Quick call Dan Esty! China, EU and US are in a WTO trade and environment scuffle

From Bloomberg - At issue is the duty China levies on exported metals, which is aimed at curbing overproduction and emissions of carbon and sulfur gases from furnaces. China’s decision to introduce a tax of 40 percent on coke in 2008 prompted the U.S. and the EU last week to file a complaint to the World Trade Organization, saying the tariffs unfairly inflate prices for overseas buyers. China produces 60% of the world’s coke.

The EU claims that “as many as 500,000 jobs in industries including automotive and construction are “potentially affected” by China’s export tariffs on metals and companies “risk having to close down.”

“Developed countries prefer importing coke to producing it because the environmental barriers for building coke ovens in their countries are too high,” said Wang Ling, a Beijing-based analyst at Umetal, a steel research company.

Making coke from coal can emit more than 2,000 chemicals including benzopyrene, which can cause cancer, Wang said. As many as 94 percent of Chinese producers lack money to upgrade plants to prevent “massive amount of emissions of carbon, sulfur and nitrogen,” she said. – Let’s stop right there.

Why would coke production boom in China if profit margins were so slim and suppliers were forced to forgo pollution control for mere survival?
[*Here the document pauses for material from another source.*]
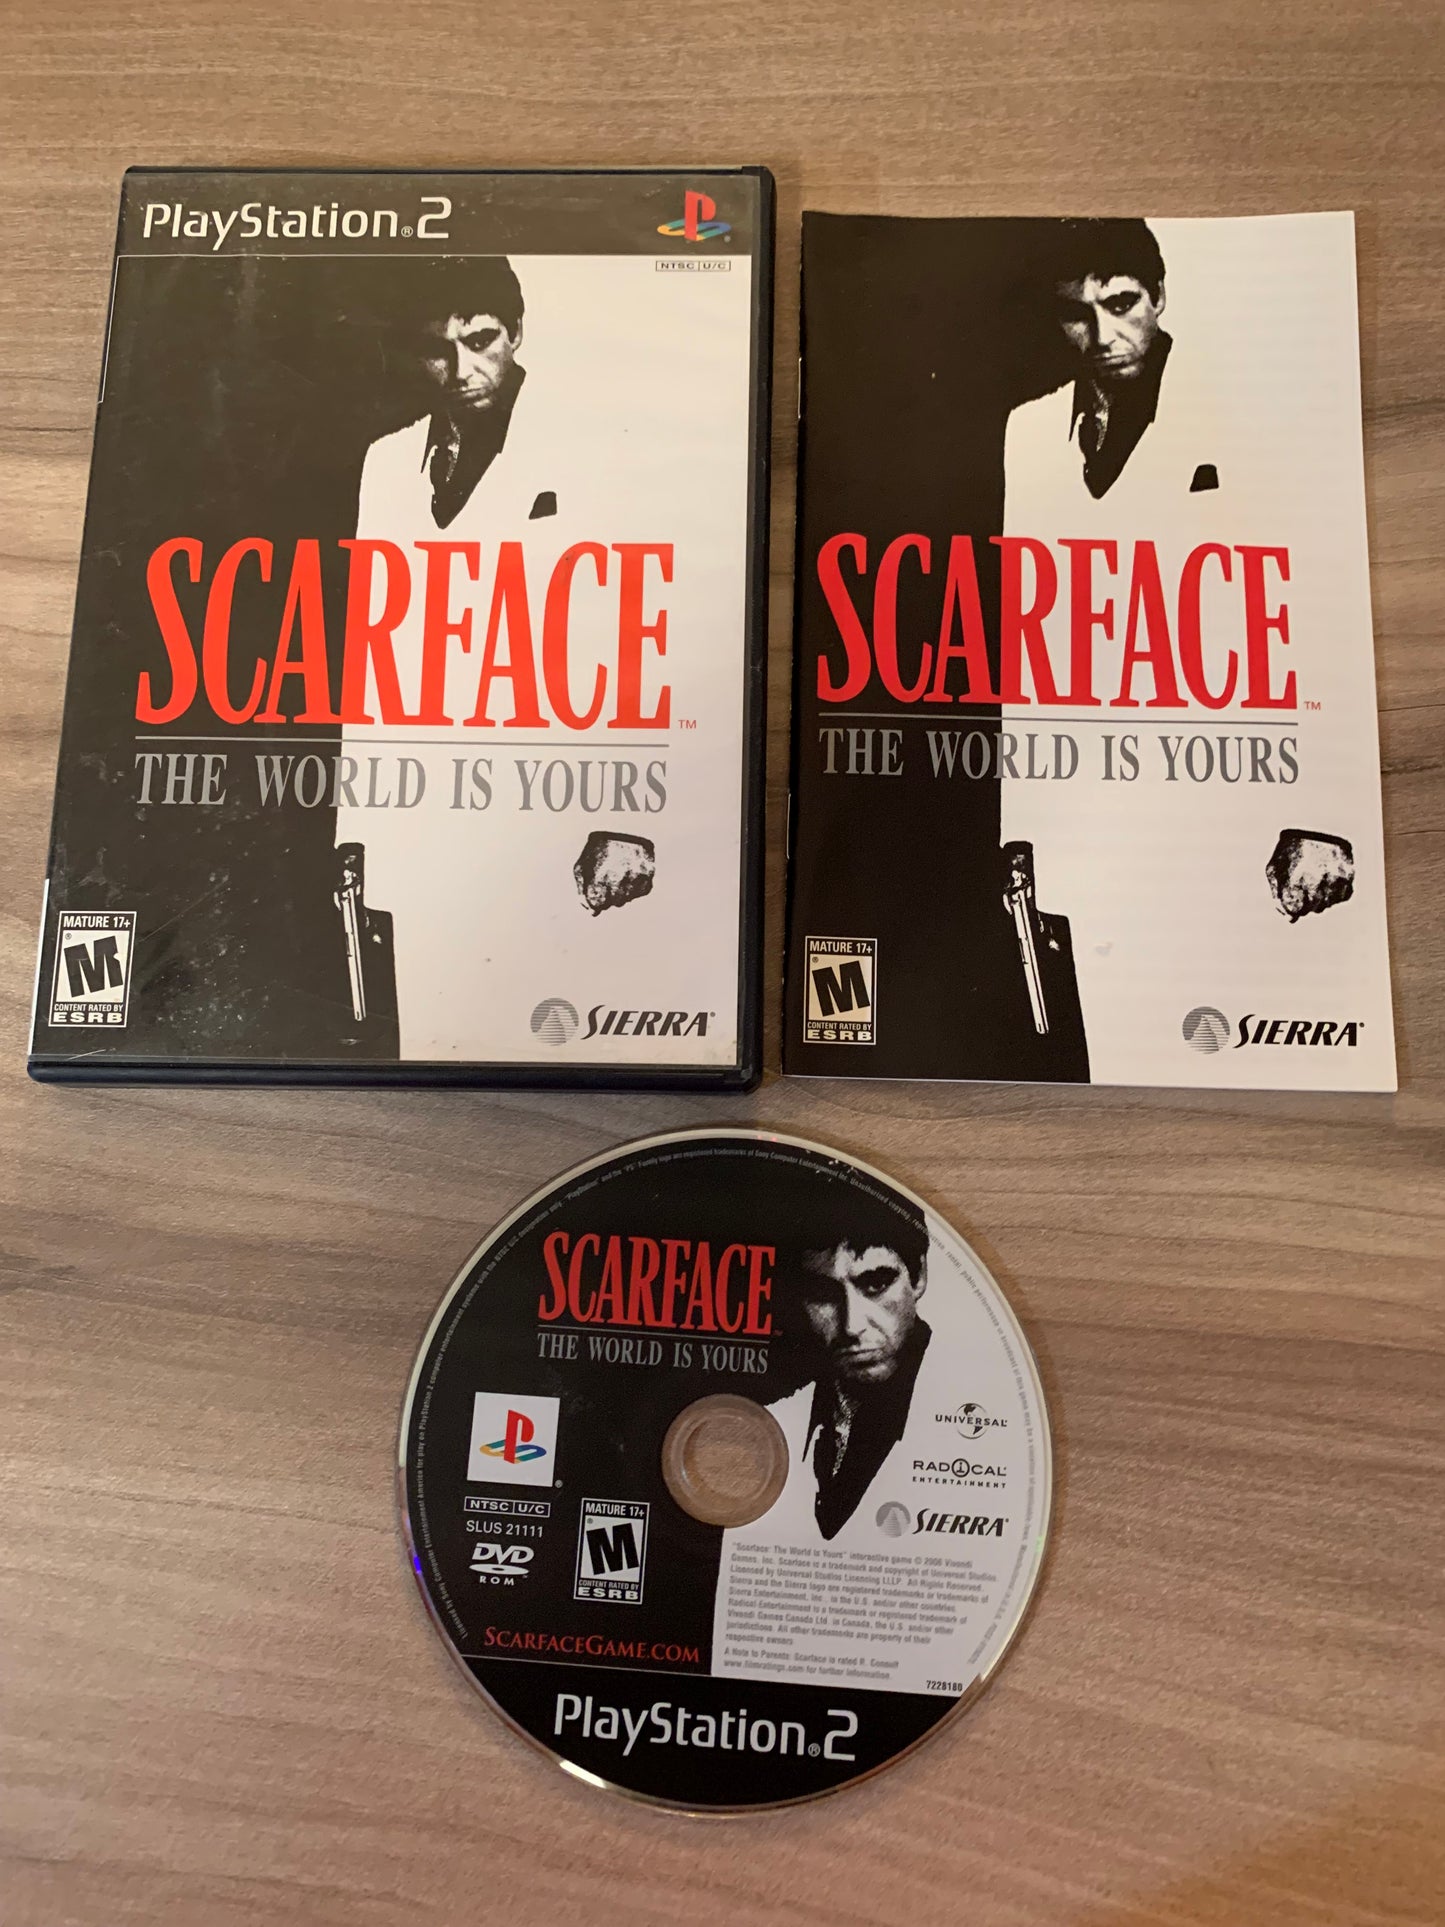 PiXEL-RETRO.COM : SONY PLAYSTATION 2 (PS2) COMPLET CIB BOX MANUAL GAME NTSC SCARFACE THE WORLD IS YOURS

Interestingly, it is because not that long ago there was a strategic national plan to promote domestic coke production. This plan made low interest loans very accessible to the coke industry; then prices were strategically set to undercut global prices and capture market share. And all the while government agencies were finding it quite convenient to not enforce emission limits, or just to allow the local EPB to run a racket of collecting petty fines.

Now China decides to cut emissions and coke producers will have to invest in pollution control and thus won’t be able to undersell global producers that are subject to strict environmental regulation. So China uses the export tariff to recalibrate the artificially low global selling price, while protecting its domestic buyers over the short-term.

Who’s to blame? Everyone that has ever wanted the “China price.” The buyers from the EU and US that shifted their orders to China and caused the closing of cleaner US based coking facilities are as much to blame as the Chinese technocrats.

Profits for many companies over the last decade came from externalizing the costs of regulation by moving manufacturing or buying from China. If China takes serious steps to curb emissions and protect its environment costs associated with production in China will inevitably rise. Every business model built on the “China price” is at risk. Additionally, this export tariff on coke illustrates the effects a carbon based border tax could have on some industries.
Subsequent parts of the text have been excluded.